Теперь мы уже не бегали от Сергея, и он свой кефир пил в одиночестве, сам с собой разыгрывая шахматные партии. И всегда выигрывая у воображаемого противника.
Мы приходили на свою полянку, и Матильда сразу же сбрасывала с себя халат и рубашку, аккуратно стелила их на примятую траву, не успевшую выпрямиться со вчерашнего дня, в изголовье клала куртку от моей пижамы и ложилась. Голая, она вела себя так же естественно, как и одетая, и никакие позы не приводили ее в смущение. Когда я осторожно попытался выведать, откуда у нее эти навыки, она объяснила, что неподалеку от немецкого города Ростока есть такой "дикий" – если по-нашему – пляж, где голяком, без различия пола и возраста, даже играют в волейбол, что дома она тоже ходит голой, и отец шлепает ее по попе и делает вид, что сердится. Матильду забавляла моя азиатчина, а я никак не мог представить себе, как это можно привыкнуть к наготе женского тела – тем более, многих женских тел, – и не желать их всех сразу или, наоборот, поборов это желание, перестать желать совсем, атрофироваться и превратиться в нечто среднего рода? Голое женское тело – оно, как хорошая музыка, должно быть выстрадано, заслужено тобой, оно не должно превращаться в обыденность, повседневность, привычку; к нему, к голому телу, притрагиваешься, как к божеству. Оно и есть Божество, может, единственное на всем свете.

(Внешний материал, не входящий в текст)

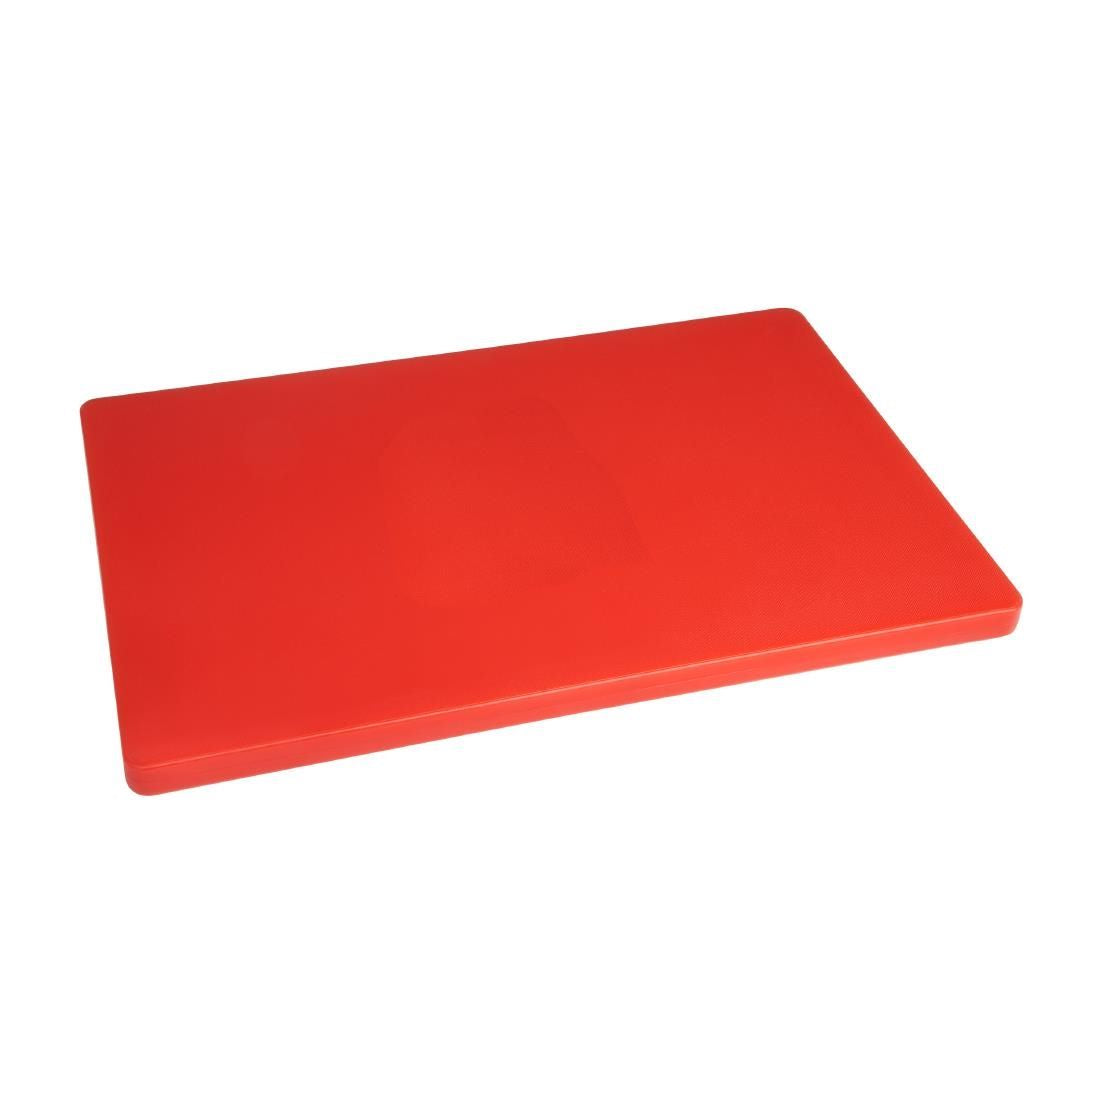 Hygiplas Extra Thick Low Density Red Chopping Board Large JD Catering Equipment Solutions Ltd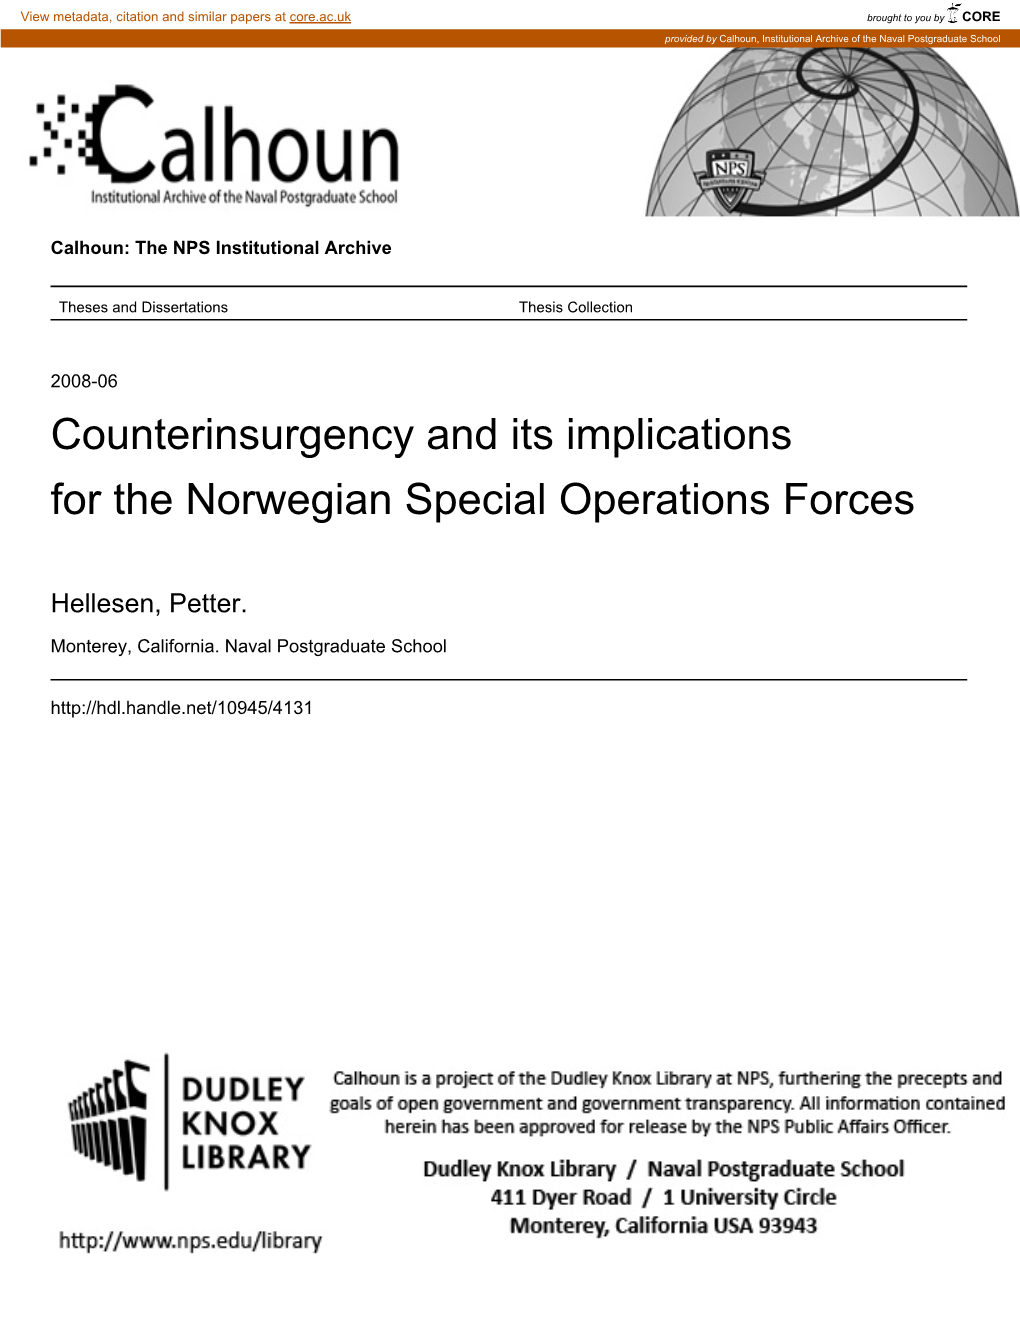 Counterinsurgency and Its Implications for the Norwegian Special Operations Forces

И когда я смотрел на Матильду, на ее естественные движения, и когда представлял себе ее где-то там, в загадочном Ростоке, в этой странной Германии, где, оказывается, немцы изначально не были воодушевлены строительством социалисмуса, существуя как бы отрешенными от действительности на положении пленных, обязанных выполнять желания победителей, не впуская действительность в свои души, мысли мои путались, и я не знал, что же сам я такое на самом деле, не есть ли я выдумка самого себя. Вроде мне не должно быть никакого дела до матильдиного прошлого, но все равно – внутри держалось какое-то беспокойство, что откроется что-то еще, более непонятное и пугающее. Матильда являла собой для меня сплошную загадку, и уж конечно, она не была ангелом. Так ведь и я тоже им не был. Наконец, Сочи – это такое место, где все подпадают под действие каких-то, только этим местам присущих, чар, уравнивающих всех между собой, и это совсем не то место, где надо ломать себе голову над происходящим, доискиваться, кто, что и почему.
Нет, все-таки я привык, потому что все, что повторяется регулярно, рано или поздно становится привычкой. Иначе я бы не впадал в пространные рассуждения. Ведь не приходили же они мне в голову в первые дни нашей любви. Тогда все заслоняла страсть, а у страсти нет слов, нет убеждений, а есть лишь запахи, звуки, прикосновения, стук сердца и жажда обладания, которую, кажется, ничем не утолить. И вот это все прошло, остались лишь минуты близости и опустошенность.
– Ди-има! – говорила Матильда, водя пальцем по моей спине. – Warum… Зачем грустны? Ты уже не любить deine Tildchen?
Голос ее звучал жалобно, умоляюще, просяще. Я поворачивался к ней, привлекал ее к себе, зарывался лицом в ее волосы, лишь бы она не видела моих растерянных глаз, не видела моей тоски, непонятной мне самому.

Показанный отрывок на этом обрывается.